Skip to main content

PostgreSQL Common Table Expressions

Introduction

Common Table Expressions (CTEs) are a powerful feature in PostgreSQL that allow you to write auxiliary statements for use in larger queries. Think of CTEs as temporary result sets or virtual tables that exist only during the execution of your query. They're defined using the WITH clause and can significantly improve the readability and maintainability of complex SQL queries.
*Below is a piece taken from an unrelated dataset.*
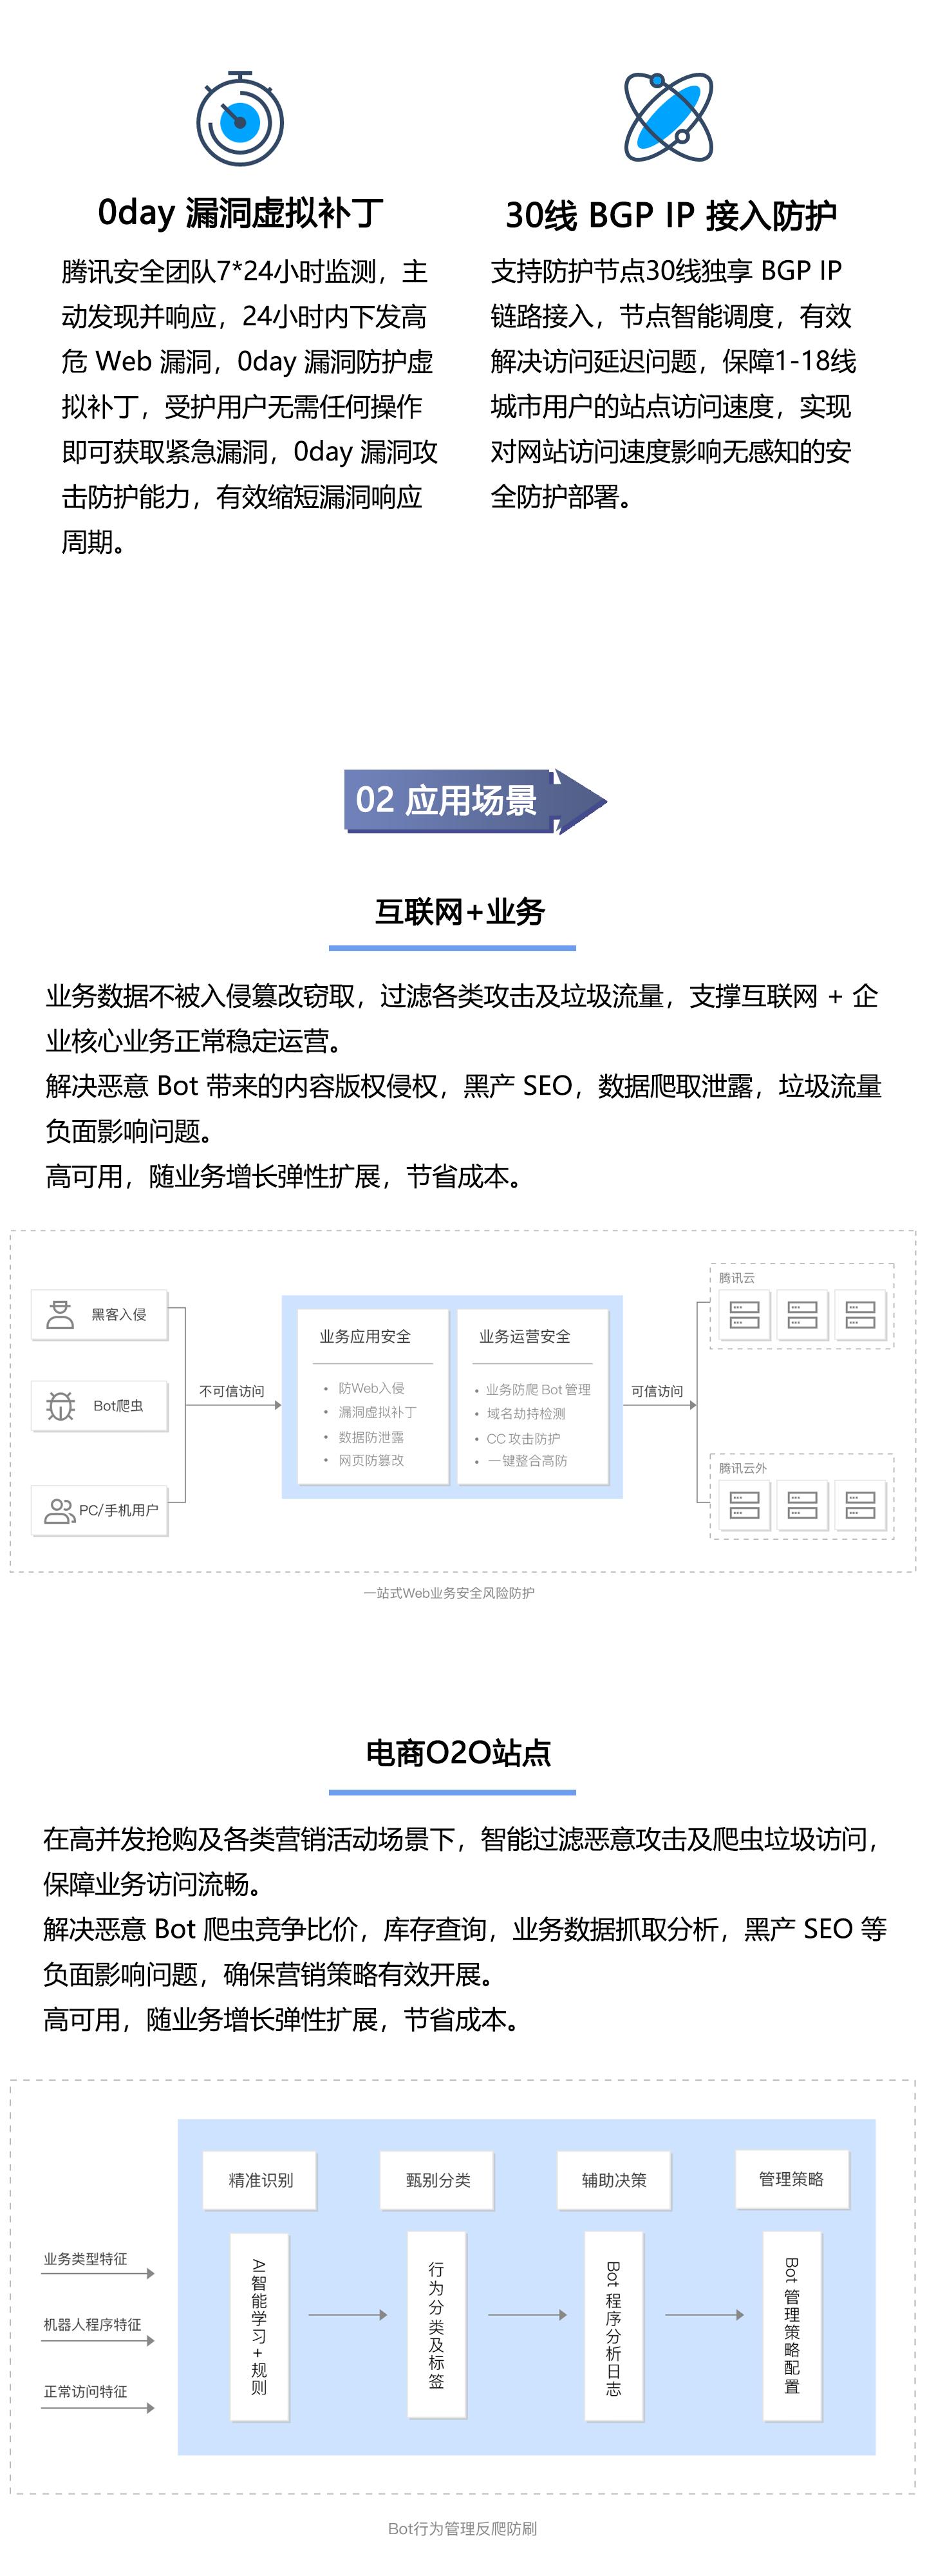 T-Sec-Web-应用防火墙1440_02.jpg
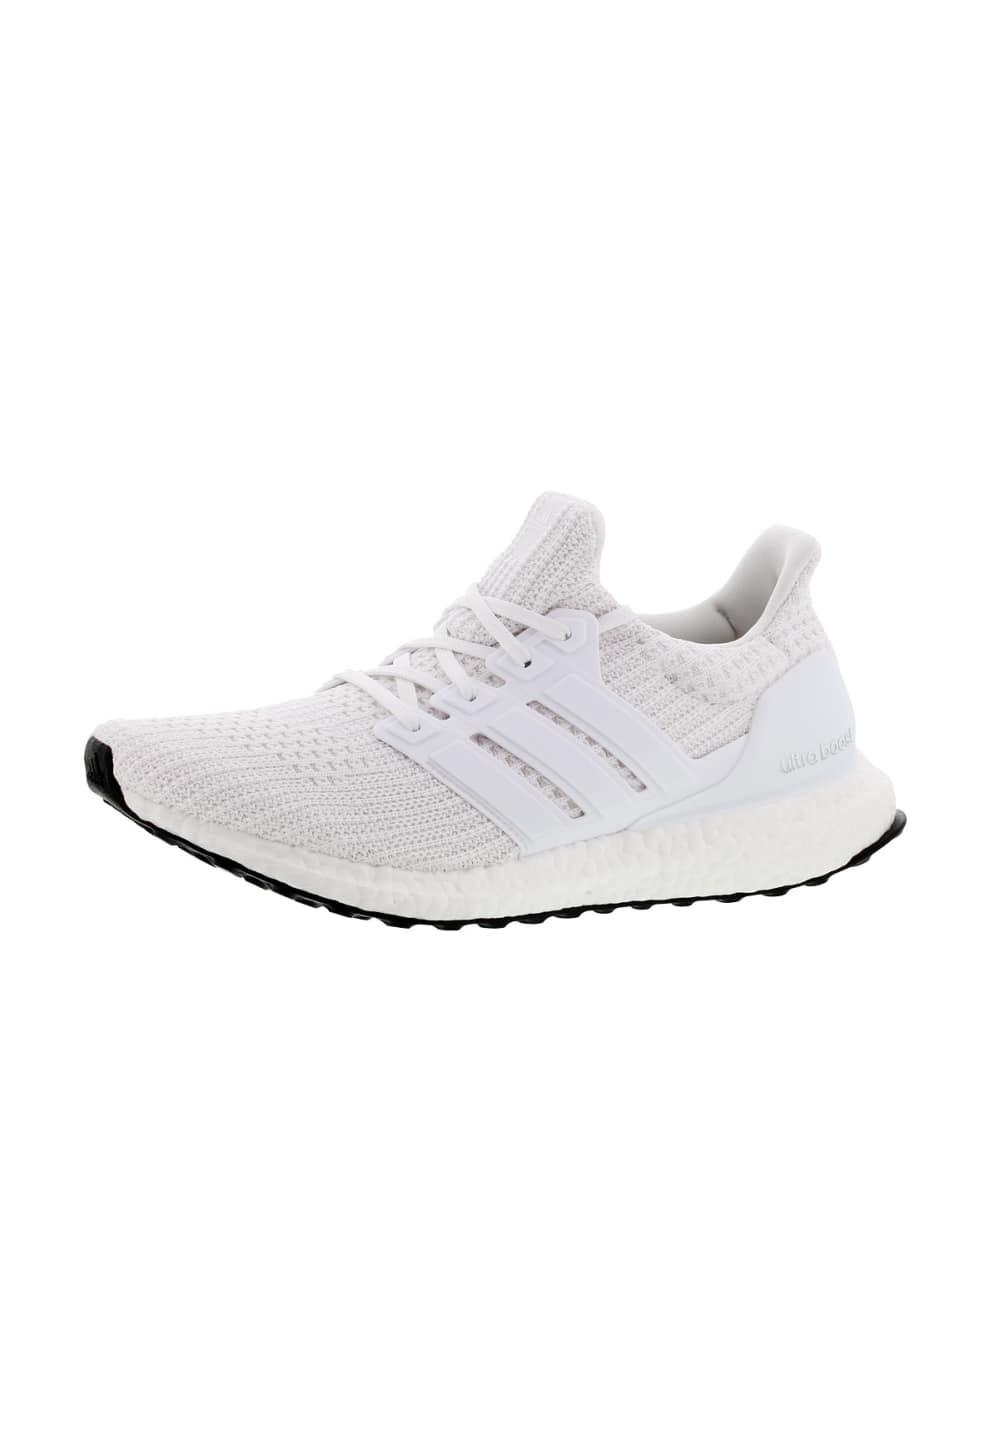 cb0159718e58 adidas Ultra Boost - Laufschuhe für Damen - Weiß günstig online kaufen

CTEs are particularly useful when:

  • You need to reference the same subquery multiple times
  • You want to make complex queries more readable by breaking them down
  • You need to create recursive queries
  • You want to improve query performance in certain scenarios

Let's dive into how CTEs work and explore their various applications in PostgreSQL.

Basic Syntax

The basic syntax for a CTE is:

sql
WITH cte_name AS (
SELECT column1, column2, ...
FROM table_name
WHERE condition
)
SELECT * FROM cte_name;

Here's how it works:

  1. The WITH keyword starts the CTE definition
  2. cte_name is what you'll use to reference this temporary result set
  3. Inside the parentheses, you write a valid SELECT query
  4. After closing the CTE definition, you write your main query that can reference the CTE

Simple CTE Example

Let's start with a basic example. Suppose we have a sales table with customer purchases:

sql
CREATE TABLE sales (
id SERIAL PRIMARY KEY,
customer_id INTEGER,
product_id INTEGER,
sale_date DATE,
amount DECIMAL(10, 2)
);

INSERT INTO sales (customer_id, product_id, sale_date, amount)
VALUES
(1, 101, '2023-01-15', 150.00),
(1, 102, '2023-01-20', 75.50),
(2, 101, '2023-01-16', 150.00),
(3, 103, '2023-01-18', 200.25),
(2, 104, '2023-01-21', 50.75),
(1, 103, '2023-01-25', 200.25);

Now, let's use a CTE to find customers who have spent more than $300 in total:

sql
WITH customer_totals AS (
SELECT
customer_id,
SUM(amount) AS total_spent
FROM
sales
GROUP BY
customer_id
)
SELECT
customer_id,
total_spent
FROM
customer_totals
WHERE
total_spent > 300;

Output:

 customer_id | total_spent
-------------+-------------
1 | 425.75

In this example, we first create a CTE named customer_totals that calculates the sum of amounts for each customer. Then, in our main query, we select from this CTE and filter for customers who spent more than $300.

Multiple CTEs

You can define multiple CTEs separated by commas within a single WITH clause:

sql
WITH customer_totals AS (
SELECT
customer_id,
SUM(amount) AS total_spent
FROM
sales
GROUP BY
customer_id
),
big_spenders AS (
SELECT
customer_id,
total_spent
FROM
customer_totals
WHERE
total_spent > 200
)
SELECT
customer_id,
total_spent,
'Big Spender' AS customer_type
FROM
big_spenders;

Output:

 customer_id | total_spent | customer_type
-------------+-------------+---------------
1 | 425.75 | Big Spender
2 | 200.75 | Big Spender

CTEs Referencing Other CTEs

One CTE can reference another CTE defined earlier in the same WITH clause:

sql
WITH monthly_sales AS (
SELECT
EXTRACT(MONTH FROM sale_date) AS month,
SUM(amount) AS monthly_total
FROM
sales
GROUP BY
EXTRACT(MONTH FROM sale_date)
),
average_monthly_sales AS (
SELECT AVG(monthly_total) AS avg_monthly
FROM monthly_sales
)
SELECT
month,
monthly_total,
avg_monthly,
monthly_total - avg_monthly AS difference
FROM
monthly_sales,
average_monthly_sales
ORDER BY
month;

Output (assuming all data is from January):

 month | monthly_total | avg_monthly | difference
-------+---------------+-------------+------------
1 | 826.75 | 826.75 | 0.00

Recursive CTEs

One of the most powerful features of CTEs is their ability to be recursive. Recursive CTEs allow you to reference the CTE itself within its definition, which is excellent for working with hierarchical or graph-like data.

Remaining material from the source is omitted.